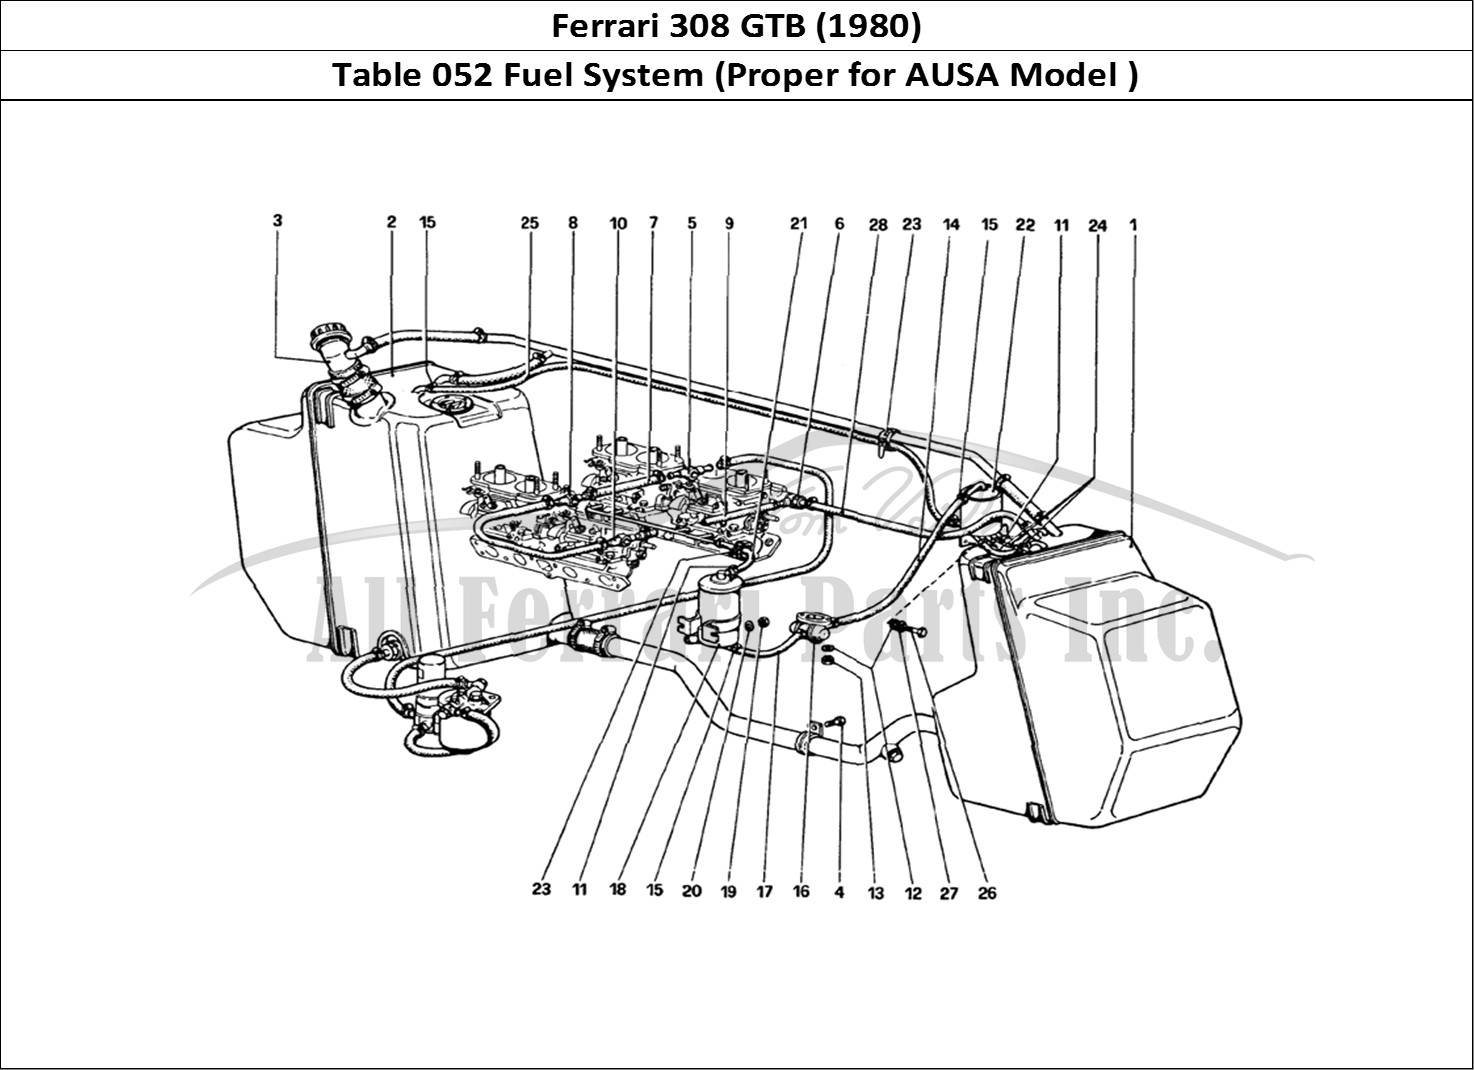 Ferrari Parts Ferrari 308 GTB (1980) Page 052 Fuel System (Variants for
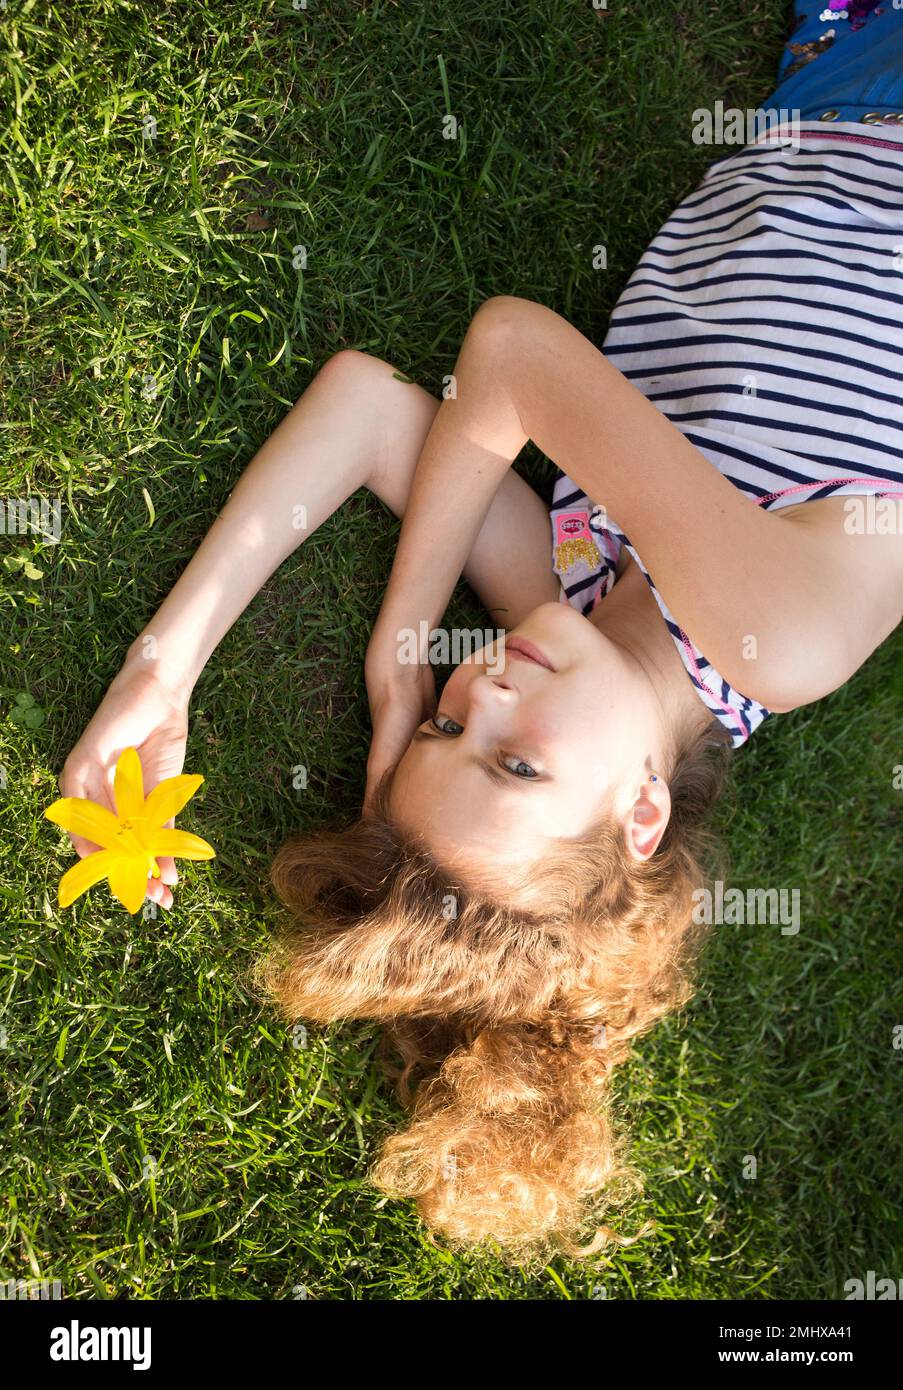 Hübsches Mädchen, 11-12 Jahre alt, liegt auf dem Rasen an einem sonnigen Sommertag, sonnt sich. Erholung mit Vergnügen in der Natur. Tag der Erde. Unachtsamkeit, Harmo Stockfoto
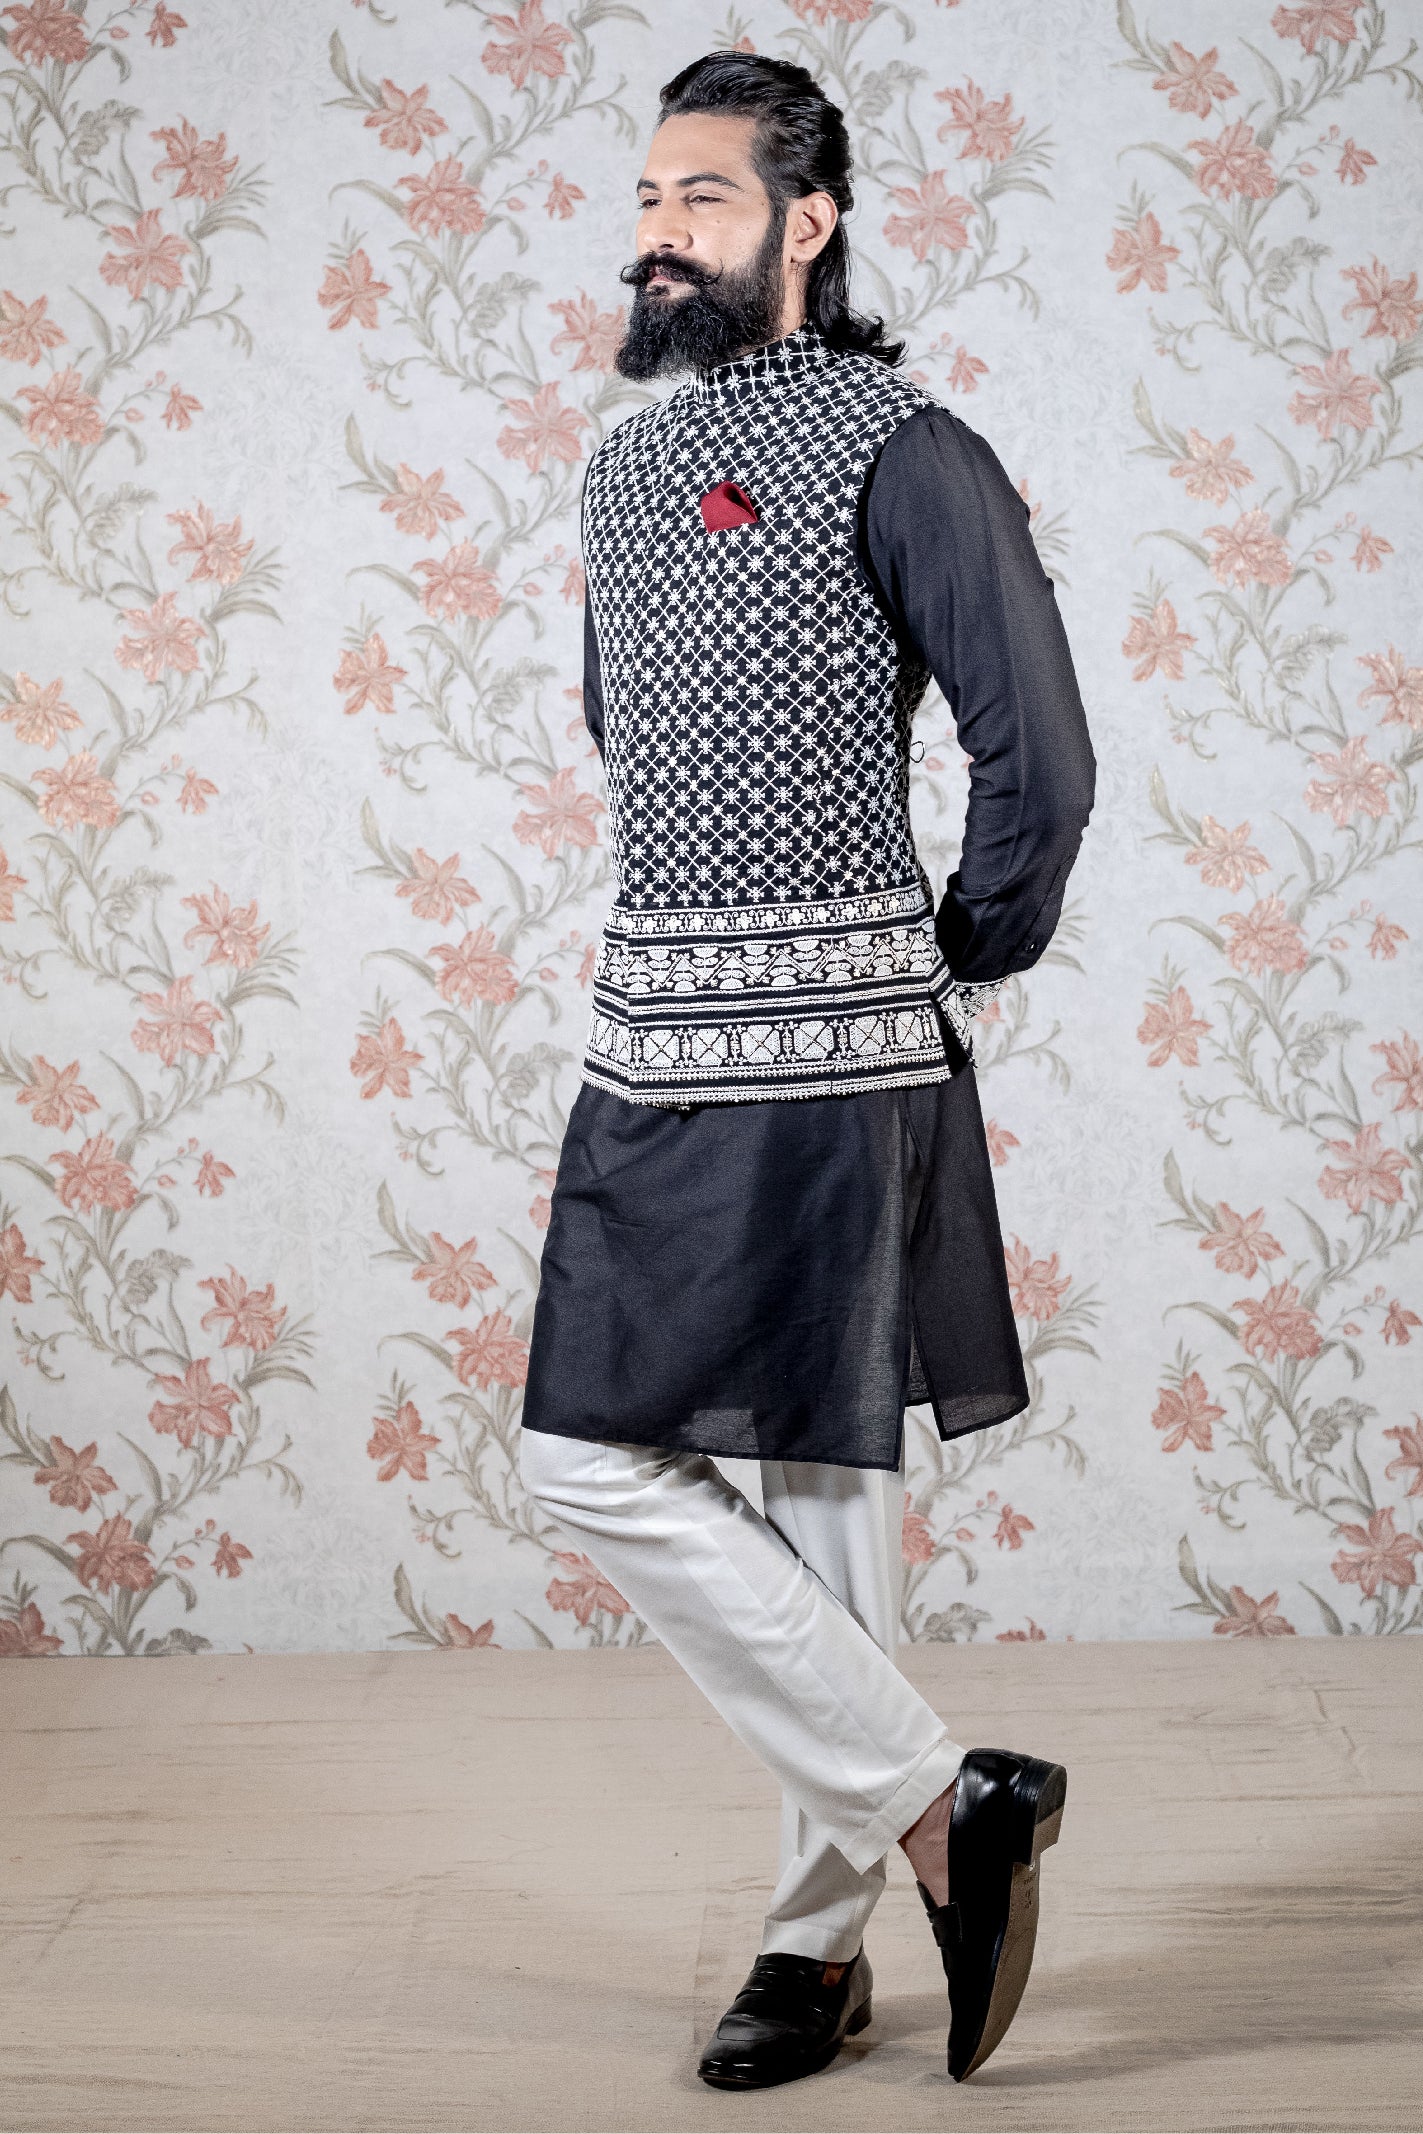 Gold Color Modi Nehru Jacket For Men | Gold color Mens Jacket | Jacket for  Kurta | Gift For Him | Wedding Kurta Jackets | Kaash Collection
=====
- **PROBLEM TO SOLVE**: Strip out the pictures and reproduce the remaining material above exactly.

- **EXERCISE SOLUTION**:
 Ferrari Parts Ferrari 308 GTB (1980) Page 052 Fuel System (Variants for
 Hübsches Mädchen, 11-12 Jahre alt, liegt auf dem Rasen an einem sonnigen Sommertag, sonnt sich. Erholung mit Vergnügen in der Natur. Tag der Erde. Unachtsamkeit, Harmo Stockfoto
 Gold Color Modi Nehru Jacket For Men | Gold color Mens Jacket | Jacket for  Kurta | Gift For Him | Wedding Kurta Jackets | Kaash Collection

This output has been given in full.